How The For-Profit College Art Institutes Found A Savior With Christian Roots

The Dream Center Foundation, a nonprofit with many ties to communities of faith, is seeking to buy the for-profit EDMC — parent company of the Art Institutes.

Last year, with one of the country’s largest college chains on the verge of collapse, a tiny nonprofit with roots in the Pentecostal Church came to the Obama Education Department with an idea. The Dream Center Foundation wanted to buy ITT Tech, a massive for-profit college with some 35,000 students, and convert it into a nonprofit. The Education Department would not give its support, and the deal fell apart.

But now, under the Trump administration’s education secretary, Betsy DeVos, there’s a new hope that schemes like this one could go forward. More struggling for-profit colleges will likely try converting to nonprofits, a practice that had been curbed by the Obama administration — opening up a new wrinkle in the attempt to oversee and regulate career colleges.

Earlier this year, one high-profile for-profit conversion grabbed headlines: Purdue University’s plan to buy Kaplan University, a for-profit college, for $1, a sale that even got the blessing of Barack Obama's longtime education secretary, Arne Duncan.

But it is another, bigger for-profit conversion, carried out with almost no fanfare, that may be a better sign of what is to come under the DeVos administration.

In an industry beleaguered by financial and regulatory problems, the conversions — though they wipe the now toxic “for-profit” label from colleges’ doors — are likely to be murky, fraught with profit motives and conflicts of interest. And many argue there is little evidence that that the conversions will actually benefit students — especially as DeVos loosens rules meant to keep the worst actors in the industry at bay.

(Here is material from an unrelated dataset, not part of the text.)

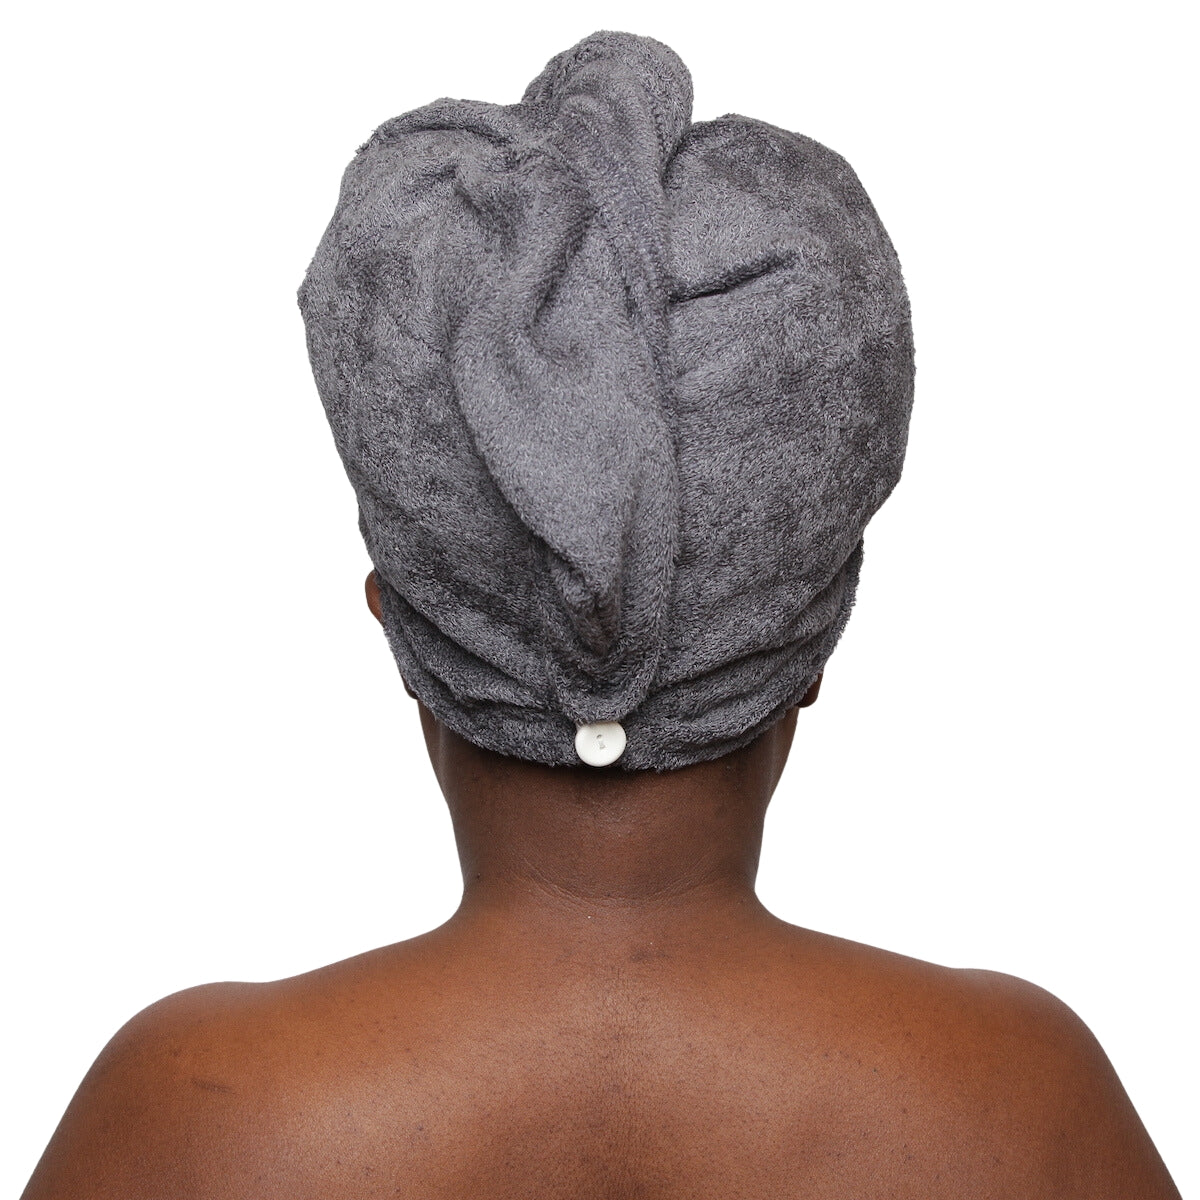 La serviette micro-fibres, un indispensable de votre routine capillaire pour sécher en douceur vos cheveux bouclés/crépus. Fabriquée à la main. Coton bio OEKO-TEX.
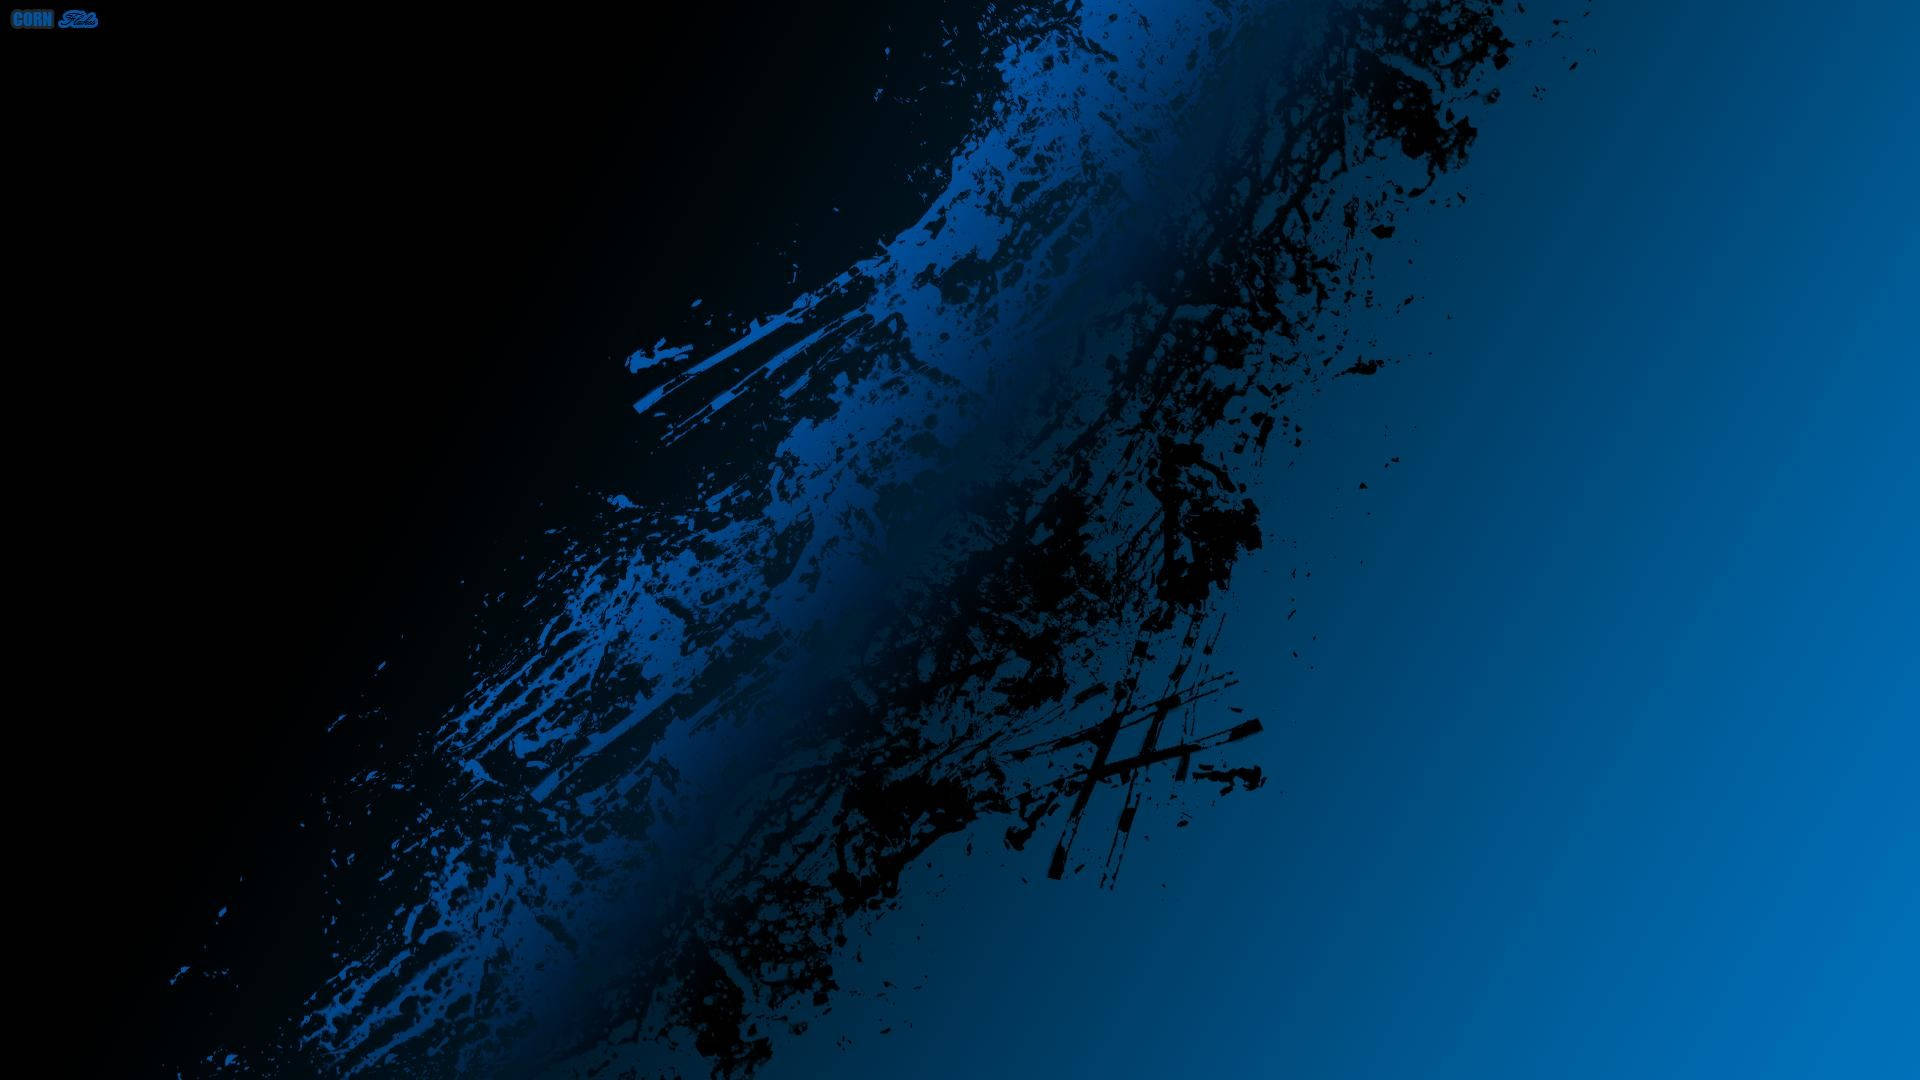 Schwarzund Blau Im Kontrast - 1080p Hd Desktop Wallpaper

It was that kind of concern that nixed the Dream Center Foundation–ITT deal. “We would have rejected it,” said a former senior official at the Education Department. “We weren’t going to let somebody who had never run a school come in and run ITT.”

EDMC's schools enroll 60,000 students, employ some 15,000 people, and bring in hundreds of millions in revenue a year.

The foundation, which calls itself secular but was created to finance a nationwide network of Christian missionary centers, had no experience in higher education and, in 2014, had zero full-time employees listed on its tax filings. ITT Tech had 8,000 workers, $550 million in annual revenue, and a long and troubled history of government lawsuits and investigations looming over everything it did. Its executives were, at the time, awaiting trial for securities fraud.

The Education Department, the official said, wanted assurances from the Dream Center that it would voluntarily cut the worst-performing programs, cut tuition, and put in place protections for students. The Center, said the official, “wasn’t interested” in implementing those reforms. The deal fizzled, and ITT was eventually forced to close.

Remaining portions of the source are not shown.